The Takeaway: From Imagination to Execution
The CITIC report is a valuable document because it marks a turning point in the market's collective consciousness. It is an admission that the era of paying for imagination is over. The market is now in a 'expectation verification period,' where valuations will be determined by verifiable industrial progress, not by macro liquidity. This is a healthy correction. It forces a level of discipline and accountability that was sorely missing during the hype cycle. It separates the wheat from the chaff, the builders from the storytellers.
But we must be careful not to overcorrect. The pendulum of market sentiment always swings too far in one direction before settling in the middle. The report's focus on 'commercialization' could lead to a dangerous short-termism, where companies are punished for making long-term investments in research and development. The 'anti-distillation' moat, if it becomes a standard industry practice, could stifle innovation and lead to a less dynamic ecosystem. We must find a balance between the need for financial discipline and the need for visionary exploration.
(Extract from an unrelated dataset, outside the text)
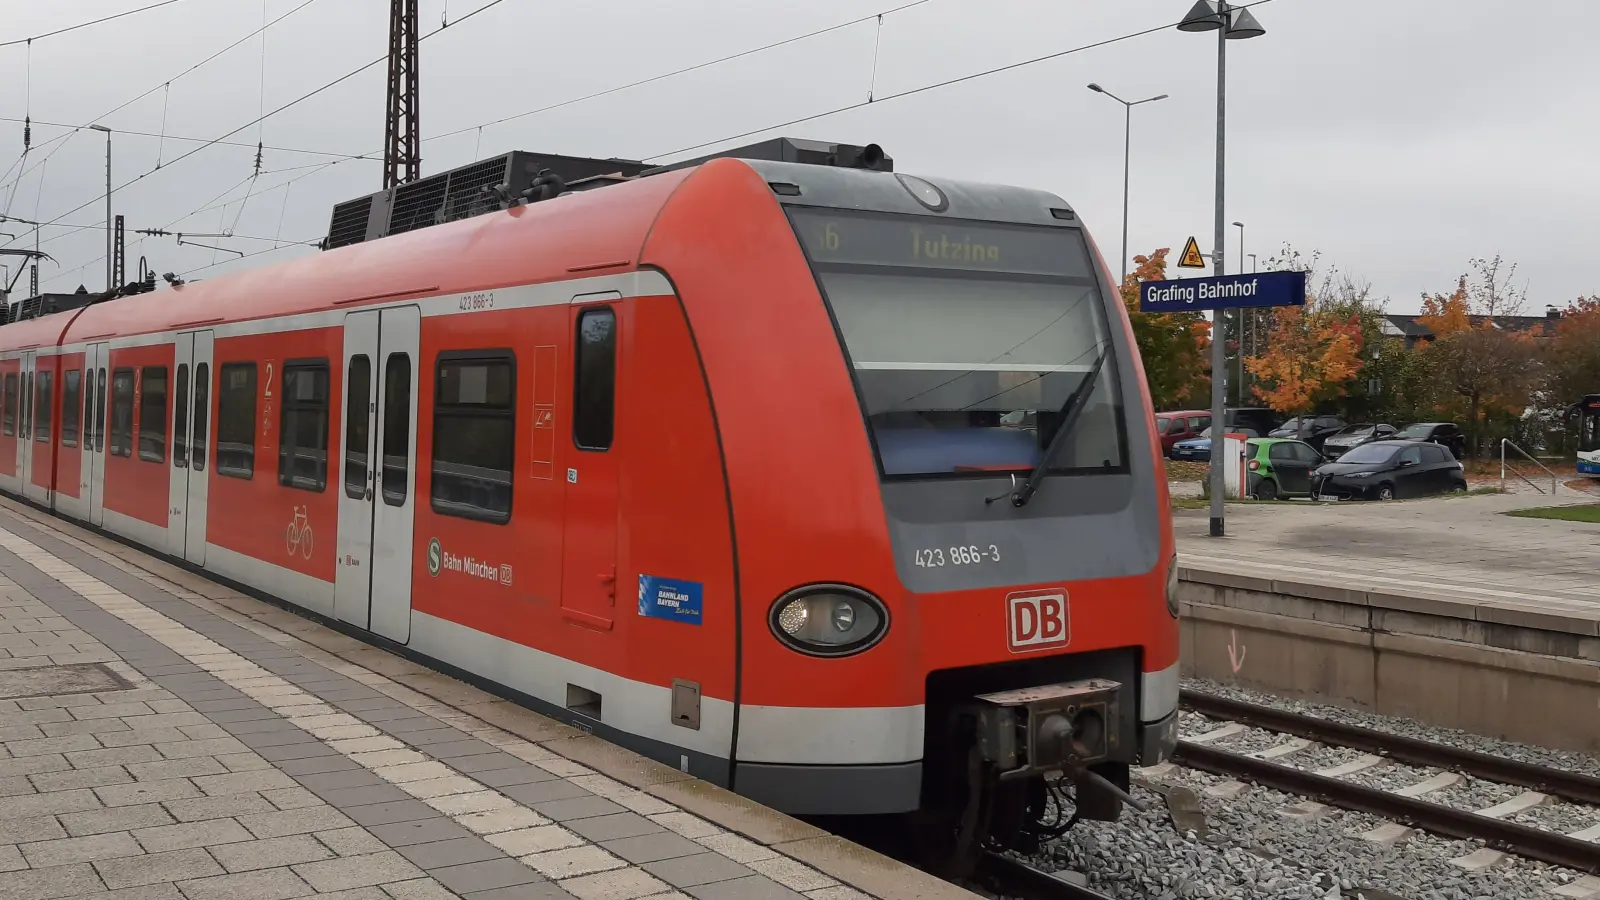 Die S-Bahn von Erding nach München ist nur eingleisig, mit einem eher mäßigen Takt, und daher für größere Pendlerströme nur bedingt geeignet. (Foto: Stefan Dohl)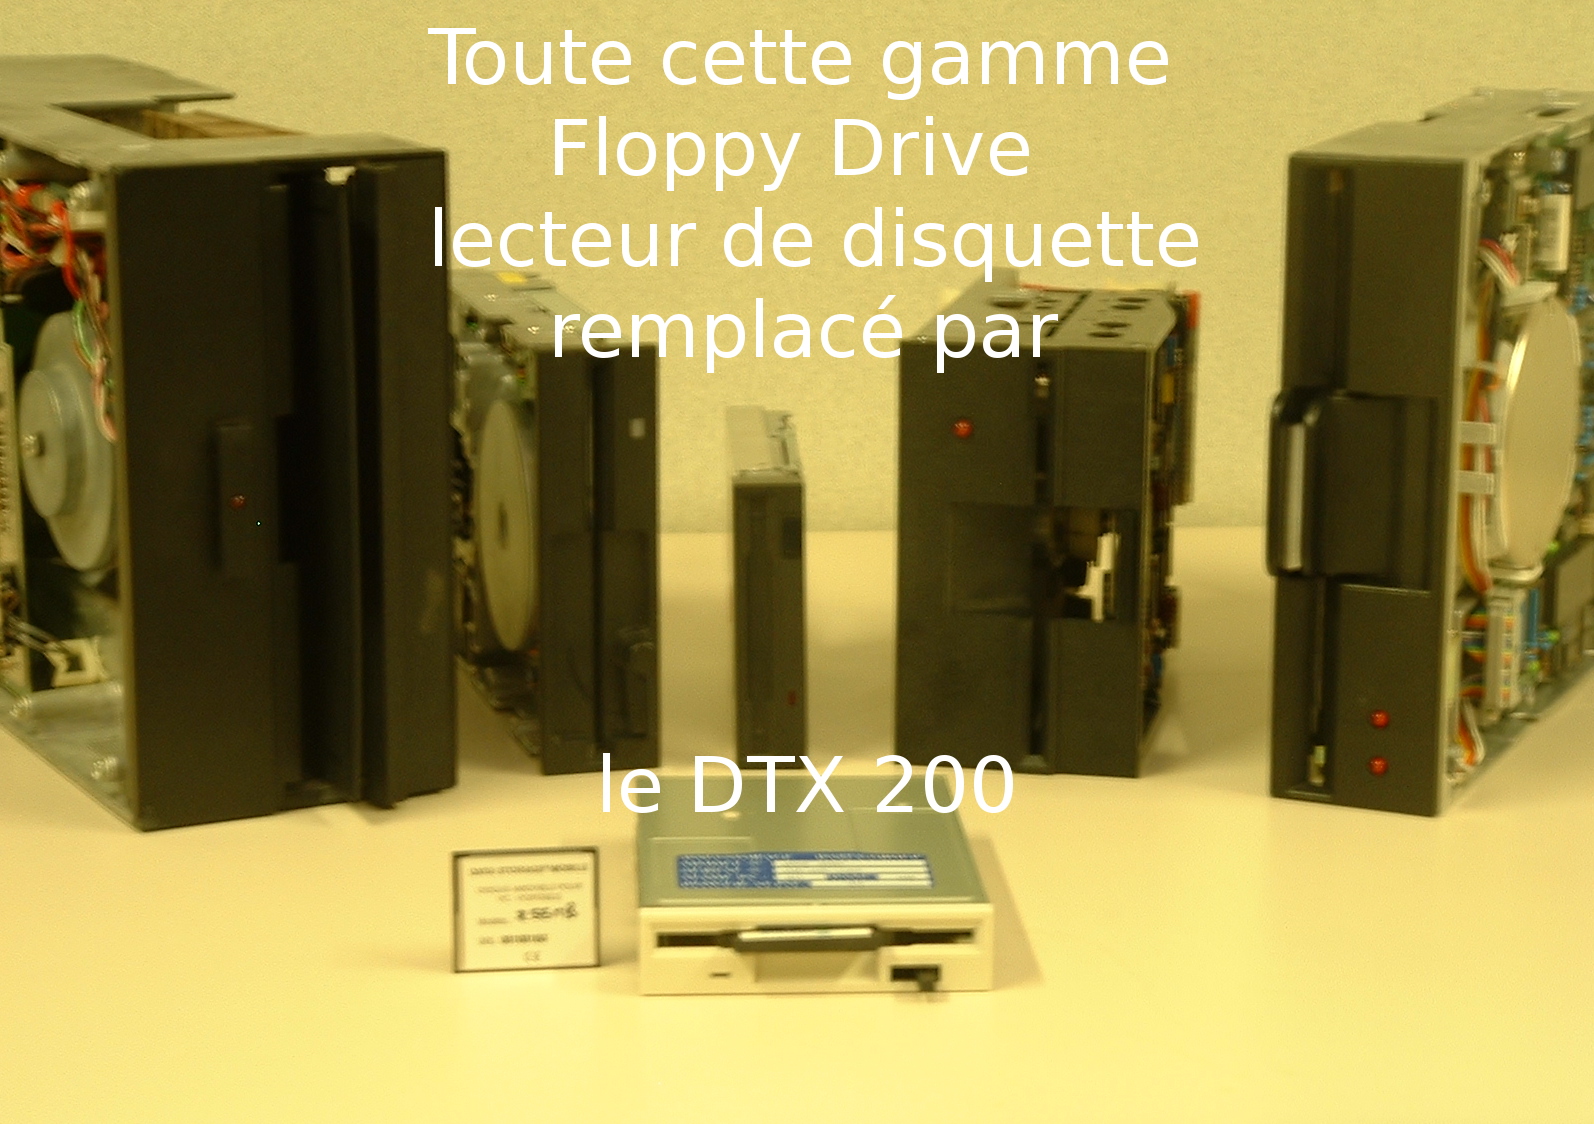 DTX 200

As I look at the AI landscape, I am reminded of the early days of the internet. There was a similar bubble, a similar crash, and then a similar period of consolidation. The companies that survived were not necessarily the ones with the most impressive technology or the most compelling narrative. They were the ones that built sustainable business models on top of the new infrastructure. They were the ones that understood that the real value was not in the network itself, but in the services and experiences that the network enabled.
The same will be true for AI. The models are the new infrastructure. The value will be created by those who can build the applications, the services, and the experiences that leverage this infrastructure to solve real problems. The market is now demanding proof of this value creation. It is demanding receipts. And that is a good thing. It is the beginning of the end of the derivative clones and the start of a new era of authentic, sustainable value creation. The question is not whether AI will change the world; it is whether we have the wisdom to build a world that is worthy of the change. The answer, as always, lies not in the code, but in the choices we make as we write it.